Nel 2018 l’energia si sposterà rapidamente, con un flusso più intenso che mai, offrendo numerose opportunità che dovremo essere in grado di gestire.

Nella numerologia tantrica ogni numero dall’1 all’11 ha una propria frequenza ed è in relazione ai 10 corpi. 11 è la somma complessiva delle cifre che compongono l’anno 2018. 11 è la frequenza vibratoria di tutti e 10 i corpi, proprio come il bianco contiene le frequenze vibratorie di tutti i colori. C’è un senso intrinseco della visione nel numero 11: non ci sentiremo più soddisfatti di quello che c’è, tutto sembrerà vecchio, in ogni area della vita. Quindi saremo spinti a cambiare. Ci saranno due comportamenti estremi nell’affrontare questa esigenza: molti si sentiranno guidati e ispirati a creare un percorso più elevante per se stessi, molti altri si sentiranno come in una pentola a pressione. L’aumento della confusione mentale e dell’instabilità emotiva creerà molti problemi in tutta la società, con la necessità di un livello di risposta più illuminato. Non dobbiamo permettere che l’aggressività di qualcun altro ci bruci; dobbiamo andare più in alto, oltre. E’ importante notare che l’11 rappresenta le relazioni, inclusa la relazione con Dio o il nostro sé superiore. In questo momento è importante mantenere un contatto costante con una fonte stabile, con un nucleo che non è soggetto a mutazioni: la nostra anima. Occupiamoci del nostro centro e non verremo travolti.

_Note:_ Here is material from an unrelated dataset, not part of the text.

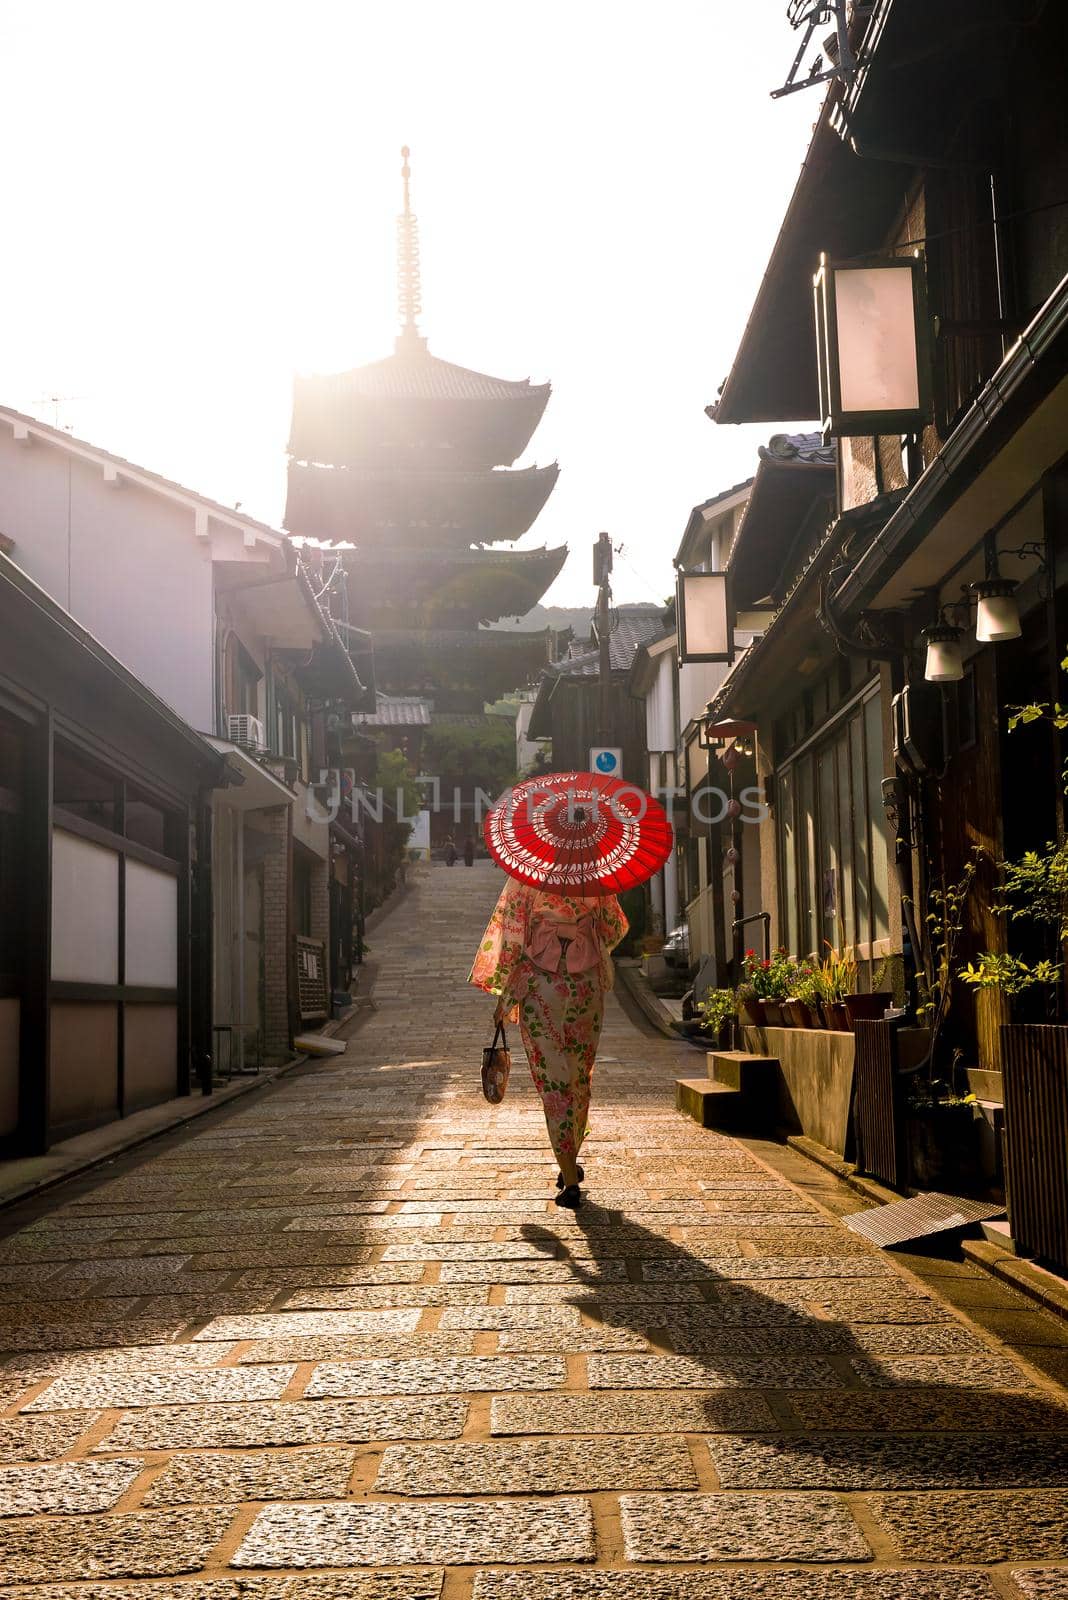 Japanese girl in Yukata with red umbrella in old town  Kyoto by f11photo

L’11 è anche 1+1=2. Il numero 2 è un conservatore, vorrebbe che una cosa duri per sempre e fa di tutto per preservare quello che ritiene importante. Ha bisogno di servire ed obbedire per proteggere il numero 1 (l’anima); ma si può dare ascolto alla propria missione, all’ego, al vizio, o alla virtù… C’è una “schiavitù” che porta alla libertà e una alla prigionia; bisogna scegliere cosa seguire.

Poiché l’anno si muoverà così velocemente, avremo bisogno di un escamotage che ci permetta di non cadere negli stessi schemi. Spesso ci sono molti cambiamenti nelle nostre vite, ma l’attaccamento al nostro Ego rimane uguale, creando dubbi nella nostra mente: la differenza tra la realtà e la percezione di essa attraverso il nostro ego, fa sorgere dei dubbi; e i dubbi creano desolazione. E qui ci arriva in aiuto il Kundalini Yoga con una buona pratica per i primi 40 giorni dell’anno: la “Meditazione del cambiamento”. Alla fine dell’articolo troverete un link-guida per la meditazione. Desideriamo tutti un cambiamento nelle nostre vite, ma ci sono lezioni che devono essere apprese e completate. Quello che non si risolve si ripresenta con conseguenze sempre più grandi. Questa pratica ci accompagnerà e ci aiuterà ad essere felici attraverso i cambiamenti e ad avere piena radianza della nostra anima.